Cumhurbaşkanlığı döneminde ''İslam Almanya'nın bir parçasıdır'' sözü ile büyük yankı uyandıran ve Türkiye'ye olan sempatisiyle tanınan Wulff, bugün EKOTÜRK ekranlarında yayınlanan özel röportajda, Almanya'nın 'Türklerin kıymetini bilmesi gerektiğini' söyledi. Eski Cumhurbaşkanı, futbolcu Mesut Özil'i de örnek göstererek, ''Türkler bizi tüm alanlarda başarıya götürdü'' dedi.
İşte o röportajın tamamı:
Tarihi dostluk (Hıstorısche Freundschaft) kavramı Türk-Alman ilişkilerine dair yazılmış kitap ve makalelerde sık sık karşımıza çıkıyor. Bu kavram iki ülke arasındaki ilişkinin gelişiminde nasıl bir rol oynadı? Bu dostluk kavramı her iki toplumda da kendini somut olarak hissettirebildi mi?
"Almanya ve Türkiye arasında kökleri iki yüzyıl öncesine dayanan ve güçlenerek devam eden derin dostluğun çok daha fazla farkına varmamız gerekiyor. 1837 yılında von Moltke isimli bir Alman, Osmanlılarla yaşadığı deneyimlerinden bahsettiği muhteşem bir kitap yazdı. Kitap Türkiye'de de yayınlandı. O kitapta Türklerin Alman İmparatorluğu ve Osmanlı zamanında bile ne kadar sempatiyle karşılandıklarını görmek mümkün.

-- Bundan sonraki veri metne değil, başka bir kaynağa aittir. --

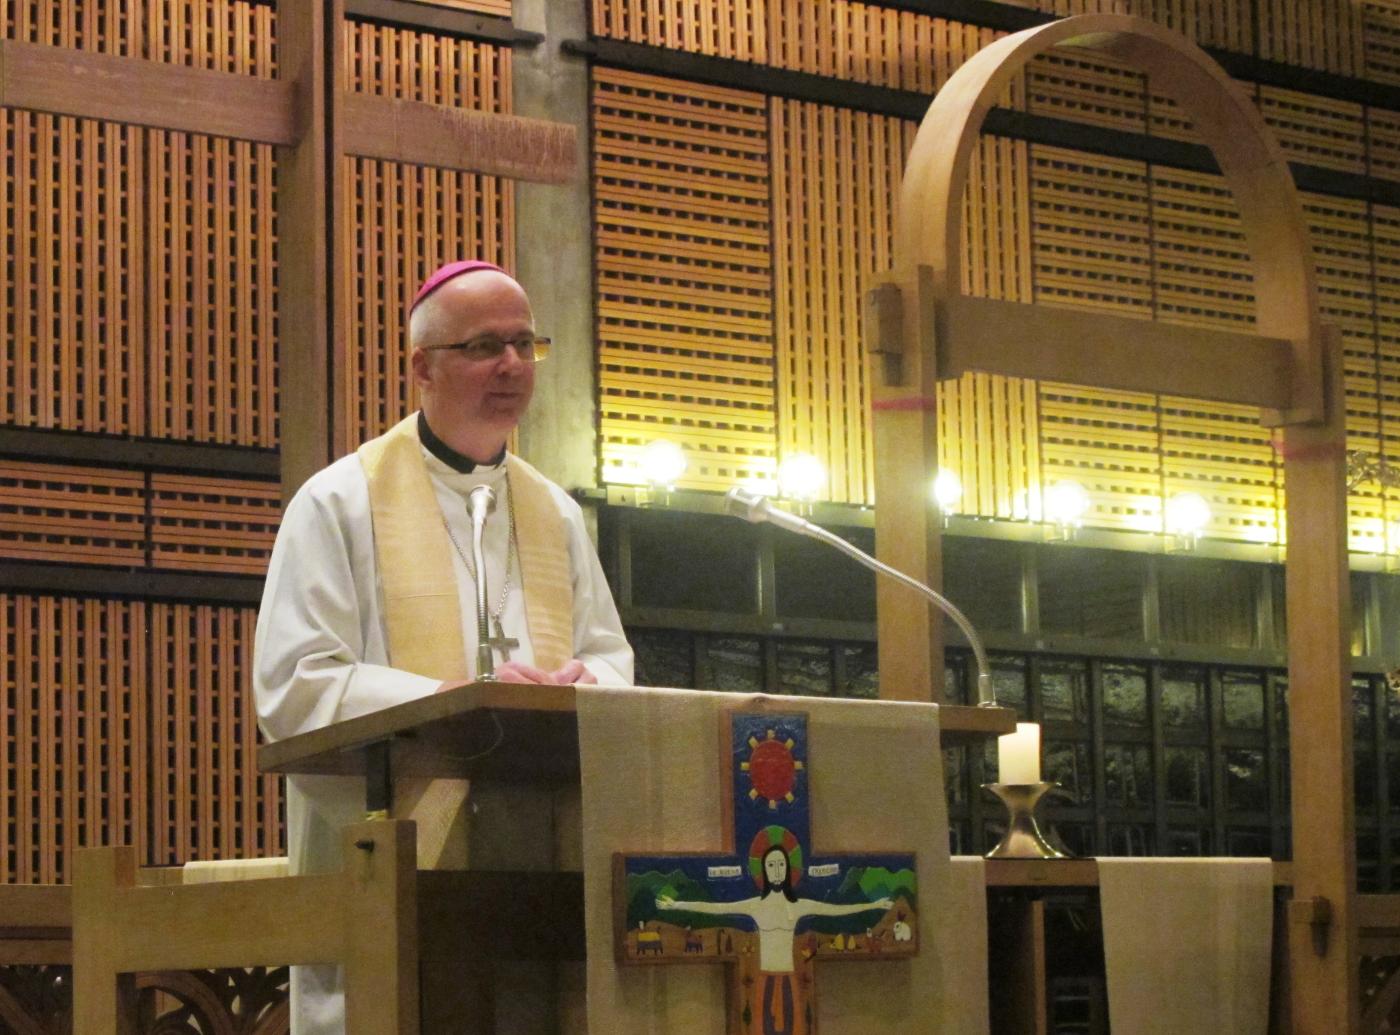 Bishop Charles Morerod preaching homily at the ecumenical celebration for the Week of Prayer for Christian Unity organized by the Christian Churches in Geneva at the Ecumenical Centre, Geneva.

Tabi ki sonrasında bir dönem, İkinci Dünya savaşından kaçan Almanlar Türkiye sayesinde hayatta kalabildiler çünkü buraya sığındılar. Türkçe'de de kullanılan Heimatlos kelimesi Almanca'dan alınmıştır ve vatansız anlamına gelir. Almanlar burada yeni bir vatana sahip oldular. Türk iş gücü savaştan sonra da bize Almanya'nın yeniden imarında yardım etti ve Alman ekonomisinin gelişiminde çok büyük katkılar yaptı. Türkler tüm alanlarda bizi başarıya götürdü. Mesut Özil sayesinde futbolda dünya şampiyonu olduk, o olmasaydı büyük ihtimalle bunu başaramazdık. Almanya'daki Türklerin, Türkiye'deki Almanların, kısaca iki ülke arasındaki dostluğun ve tarihi bağın ne kadar derin olduğunun daha iyi farkına varmamız lazım."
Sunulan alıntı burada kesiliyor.